» **What to do**: Could the data below please be reproduced word for word, without the pictures?

» **Data extract**:
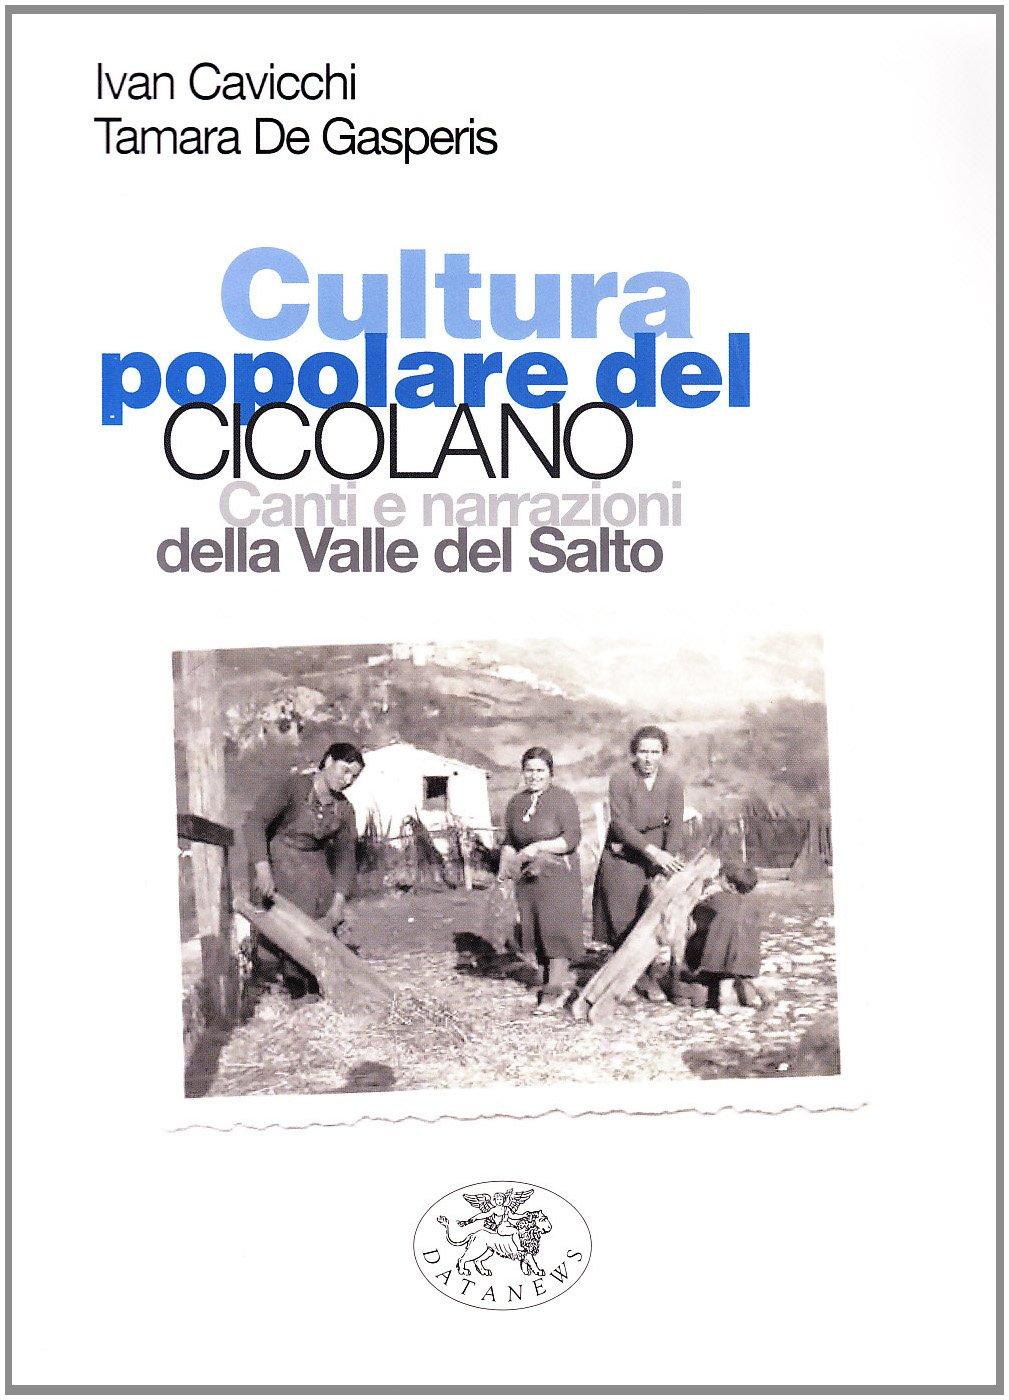 Amazon.it: Cultura popolare del Cicolano. Canti e narrazioni della valle del  Salto - Cavicchi, Ivan, De Gasperis, Tamara - Libri
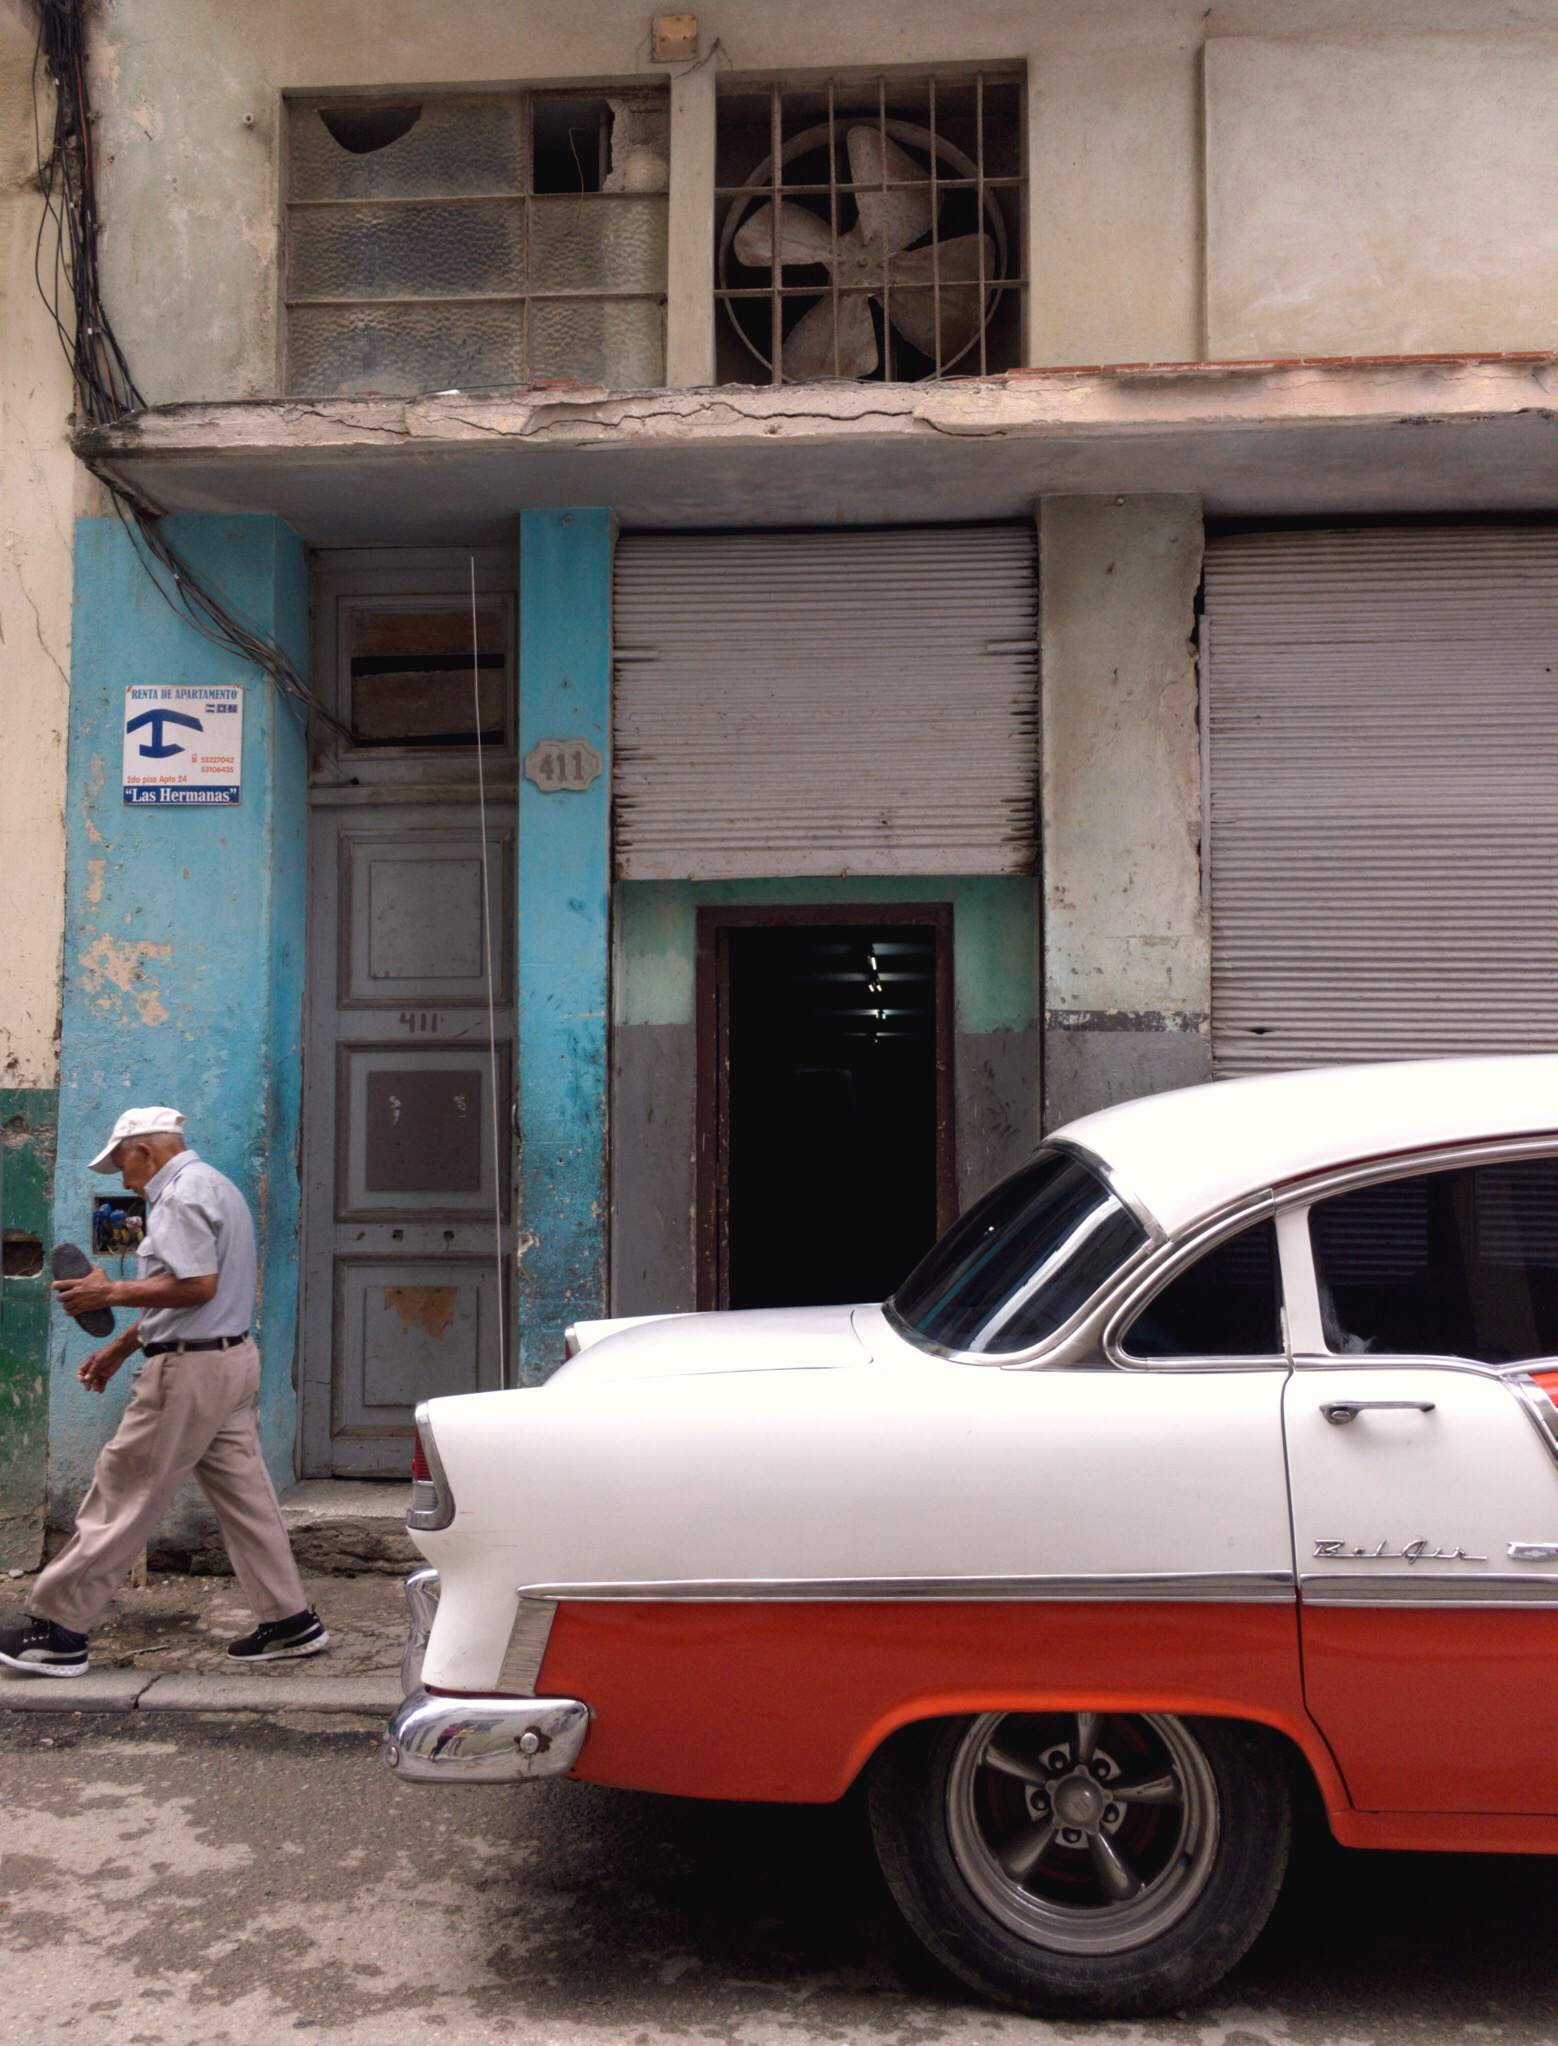 A classic car in Havana, Cuba
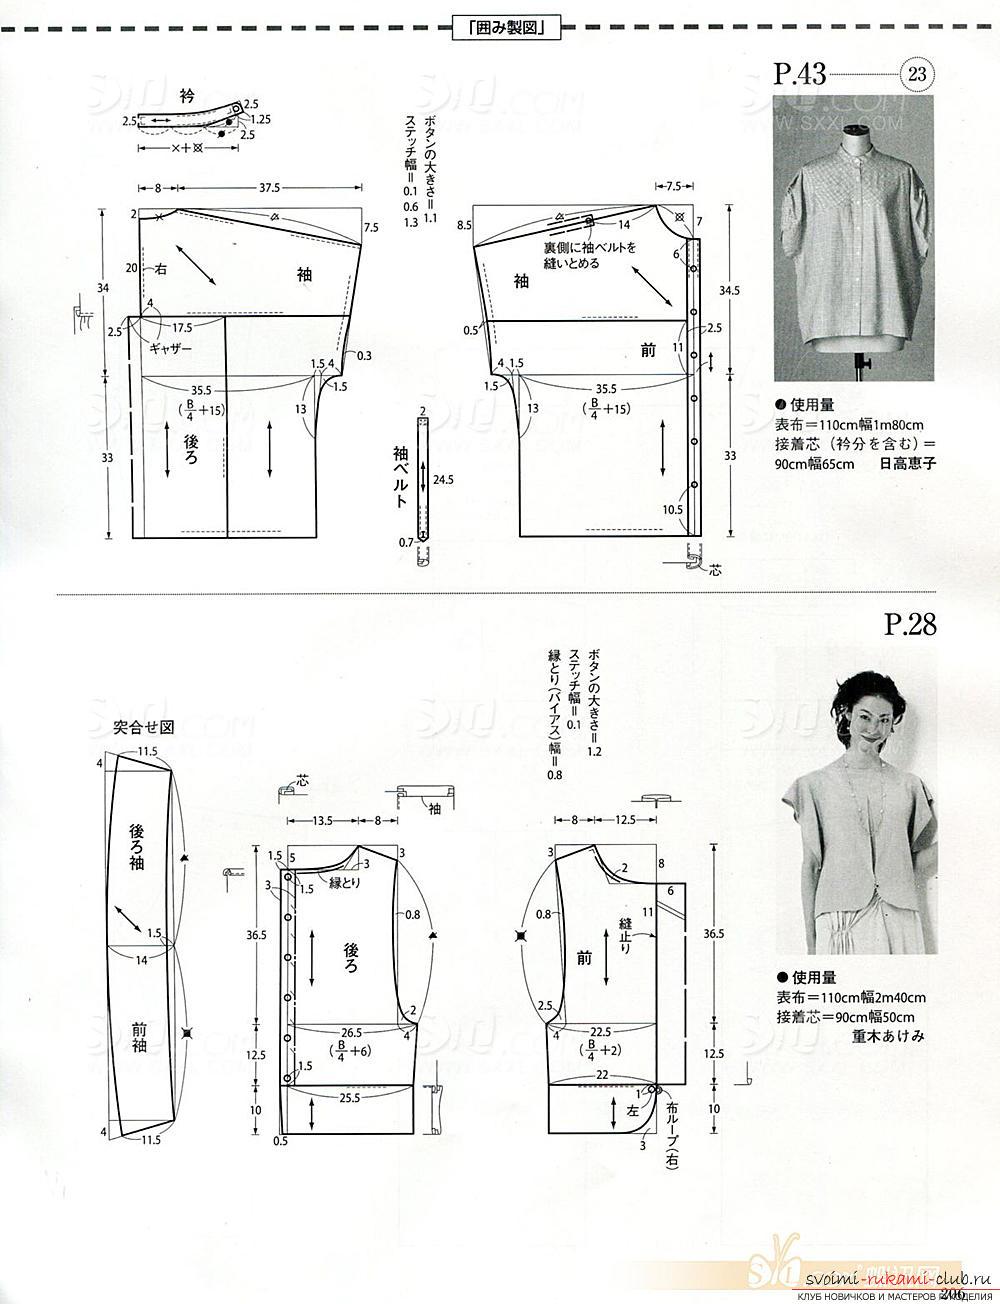 Фото выкроек женских моделей одежды. Фото №16

» **Task answer**:
 Amazon.it: Cultura popolare del Cicolano. Canti e narrazioni della valle del  Salto - Cavicchi, Ivan, De Gasperis, Tamara - Libri
 A classic car in Havana, Cuba
 Фото выкроек женских моделей одежды. Фото №16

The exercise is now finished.